Three people who ran an illegal poker club in the Russian city of Smolensk have walked away with suspended sentences rather than prison time, despite operating what authorities called a highly secretive gambling operation for nearly two years.

A district court handed down suspended jail terms ranging from 20 to 22 months to the unnamed operators, along with two years’ probation and fines of 100,000 rubles each—roughly $1,270. The Rabochy Put news outlet reported the verdicts this week.

According to prosecutors, the trio launched their poker club in January 2023 and kept it running until September 2024, when a major multi-agency raid brought operations to an abrupt halt. The takedown involved the Investigative Committee, Russian National Guard, Federal Security Service, and Ministry of Internal Affairs working together. Which tells you something about how seriously Russian authorities take underground gambling.

High Security Operation

The operators weren’t amateurs. Natalya Zueva, spokesperson for the Investigative Committee’s Smolensk branch, explained they maintained tight security protocols and made all strategic decisions about tournament scheduling and formats themselves. Officers seized gambling equipment, cash, and documentation from multiple locations during the raids.

The club used premises belonging to both a cafe and a hotel complex in Smolensk’s Industrial District. When officers moved in, they caught players mid-game at the tables. One bloke tried to leg it from the scene and got himself arrested.

Growing Problem in Smolensk

This prosecution fits a broader pattern in Smolensk, a city about 360 kilometres west of Moscow that’s seen illegal gambling establishments multiply over the past couple of years. Last year alone saw another betting club busted in the same Industrial District, this one screening overseas poker games alongside card-based gambling.

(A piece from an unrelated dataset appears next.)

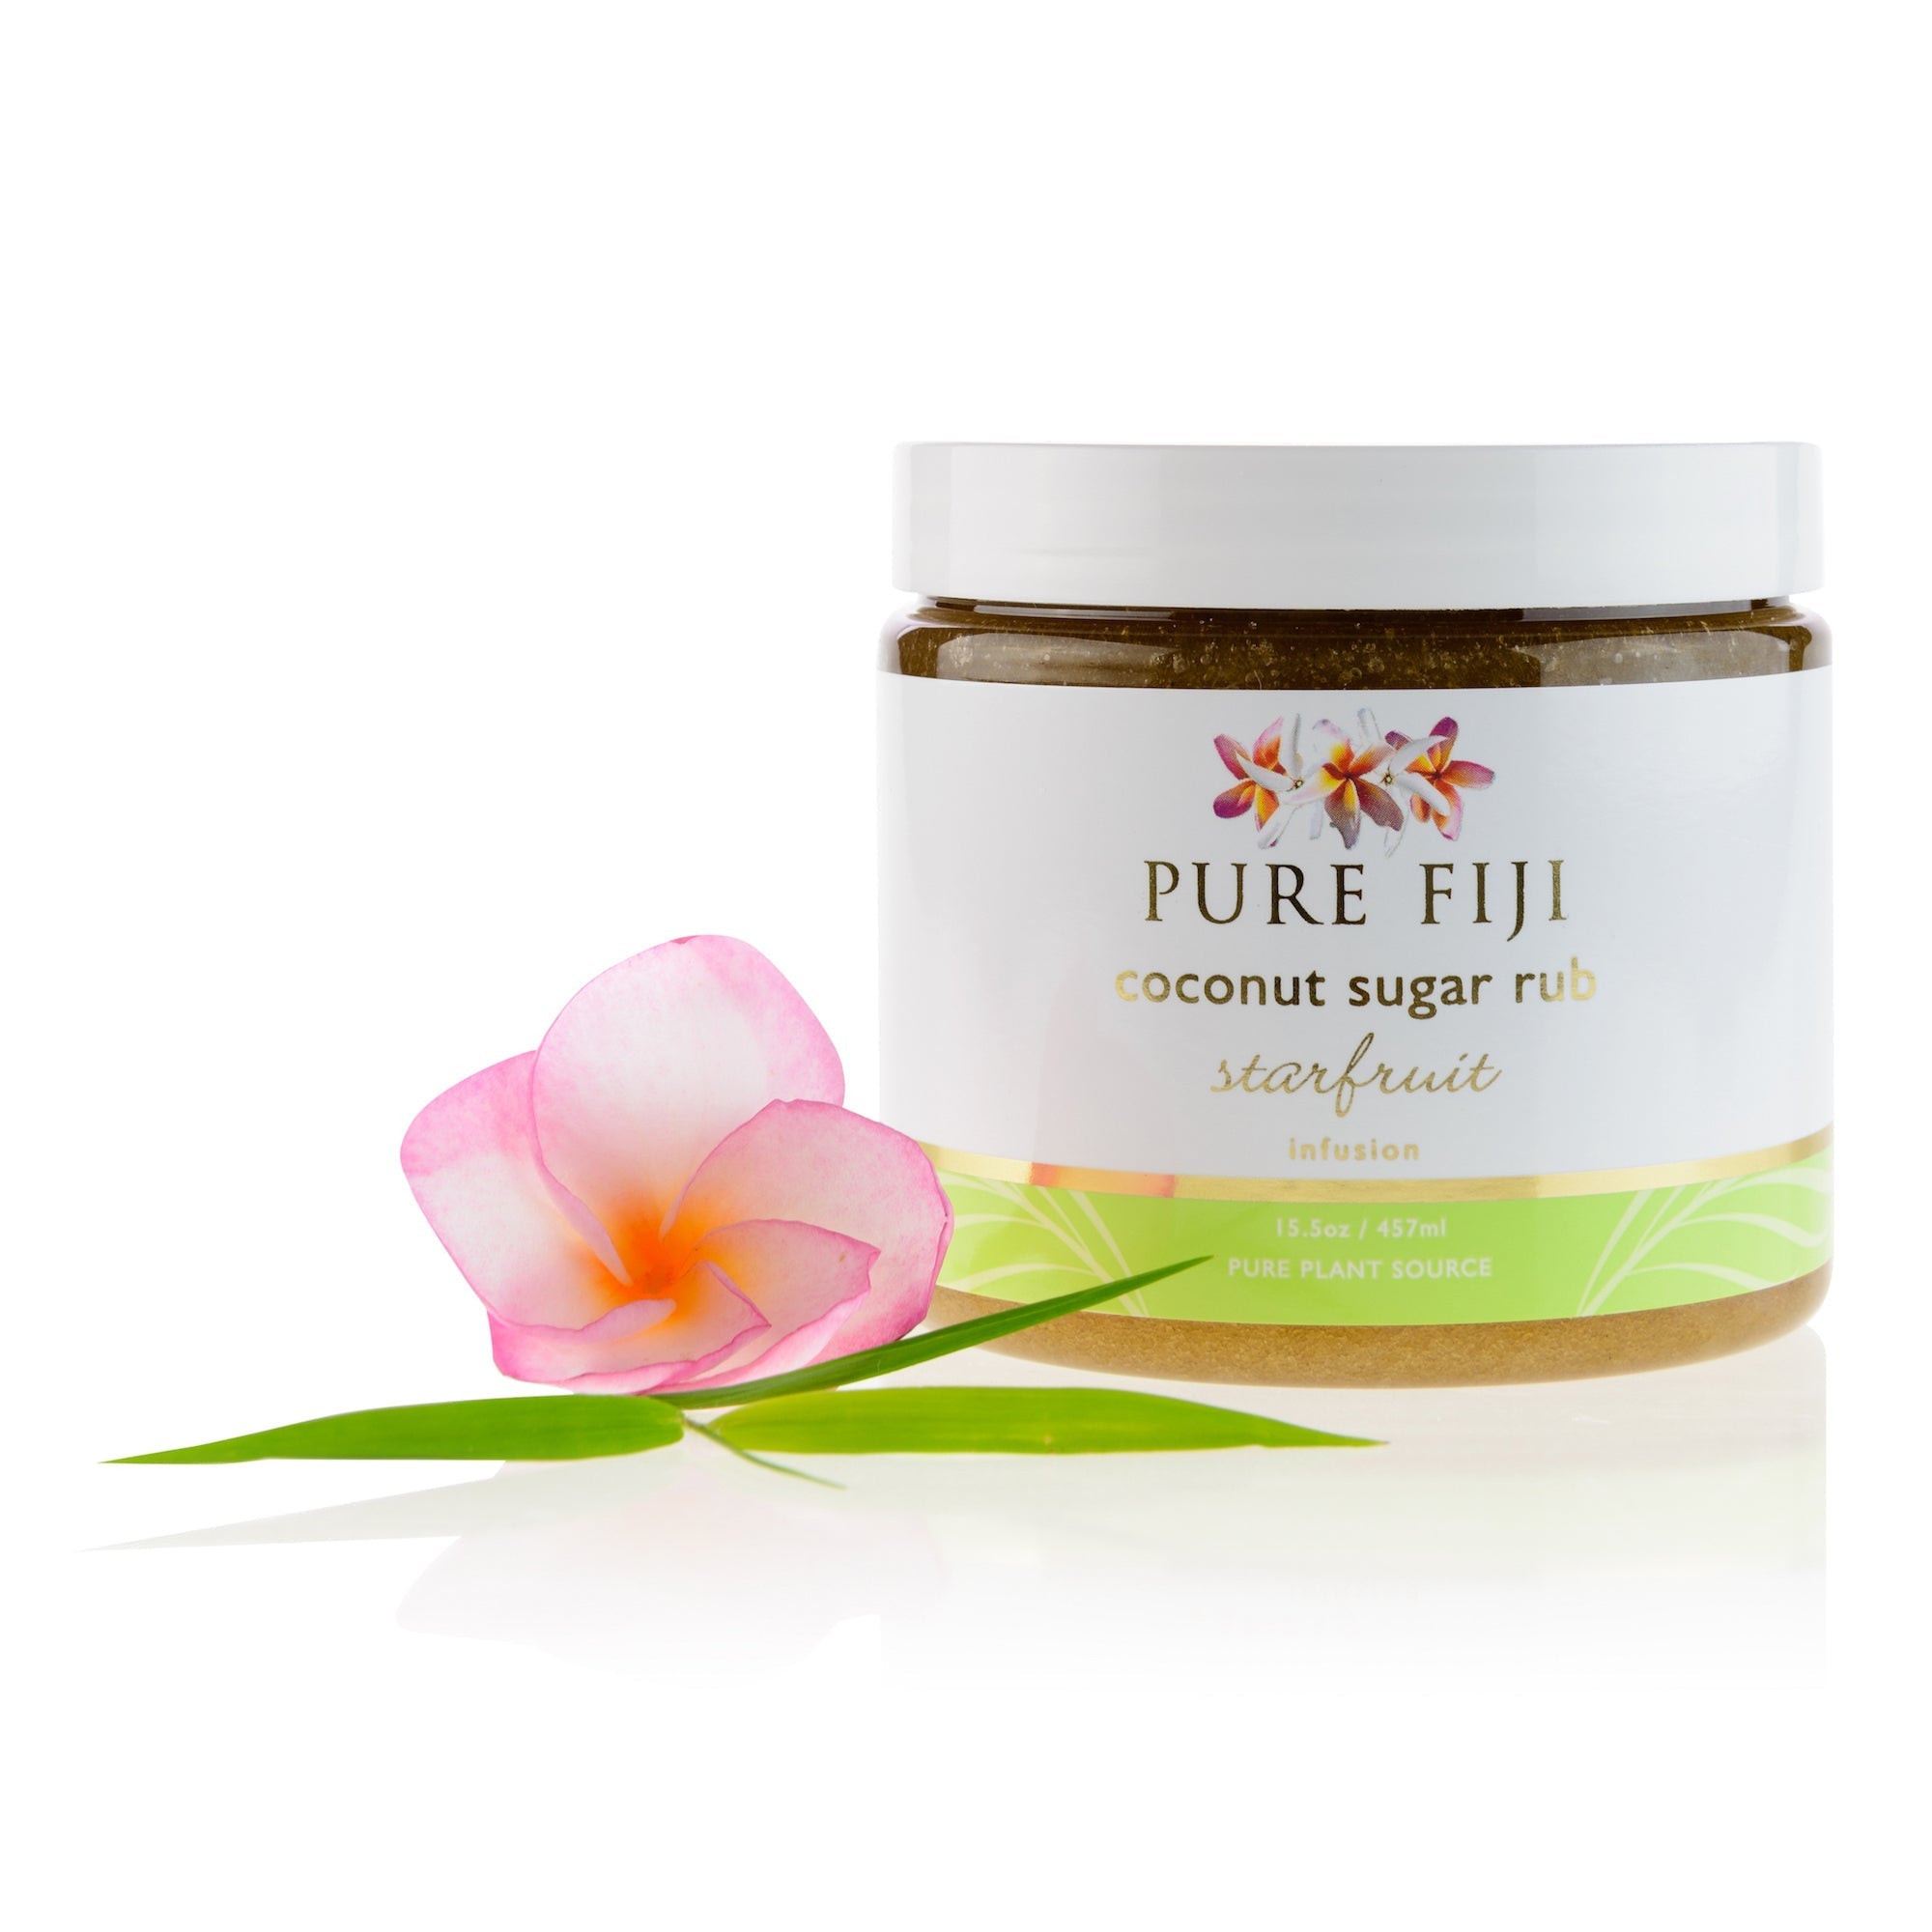 Pure Fiji Coconut Sugar Rub / Starfruit

That operation ran from November 2023 to May 2024 out of a shopping centre unit and apparently attracted a well-heeled clientele—local business figures and media personalities included. The 47-year-old woman running that show cut a deal with prosecutors, receiving a two-year suspended sentence and a fine exceeding $2,500.

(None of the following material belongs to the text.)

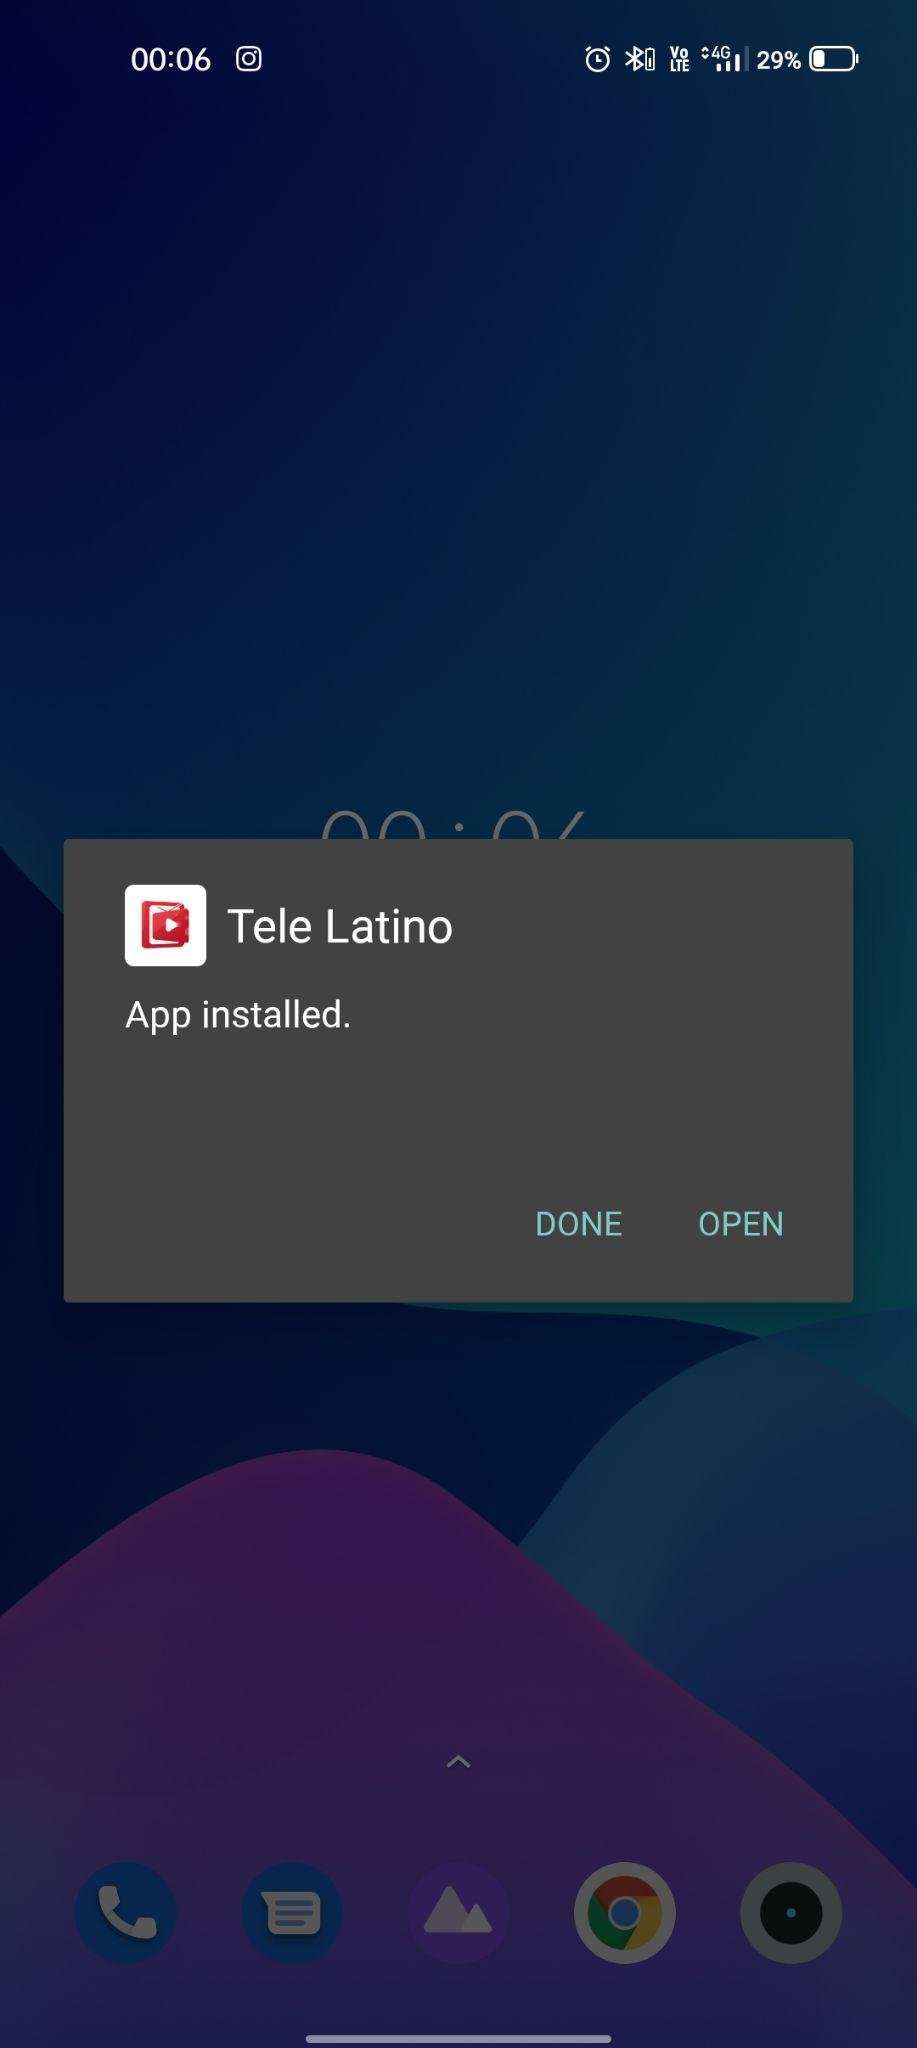 tele latino apk installed

Harsher Penalties Elsewhere

The Smolensk defendants got off relatively lightly compared to casino operators in other Russian cities. Just last month, the Traktorozavodsky District Court in Volgograd sent eight people down for running an illegal casino network, with sentences ranging from three to 18 years in actual prison.

The disparity in sentencing likely reflects differences in scale and organisation. Running a poker club that meets periodically is one thing. Operating a full casino network is quite another in the eyes of Russian courts, particularly when you consider the country’s strict approach to gambling regulation outside designated zones.

Russia permits legal gambling only in four specially designated zones. Operators elsewhere face serious criminal consequences if they try to circumvent the law. The suspended sentences in Smolensk suggest the court viewed these operators as small-time rather than serious organised crime, but the message from authorities remains clear enough: stay within the legal framework or face the consequences.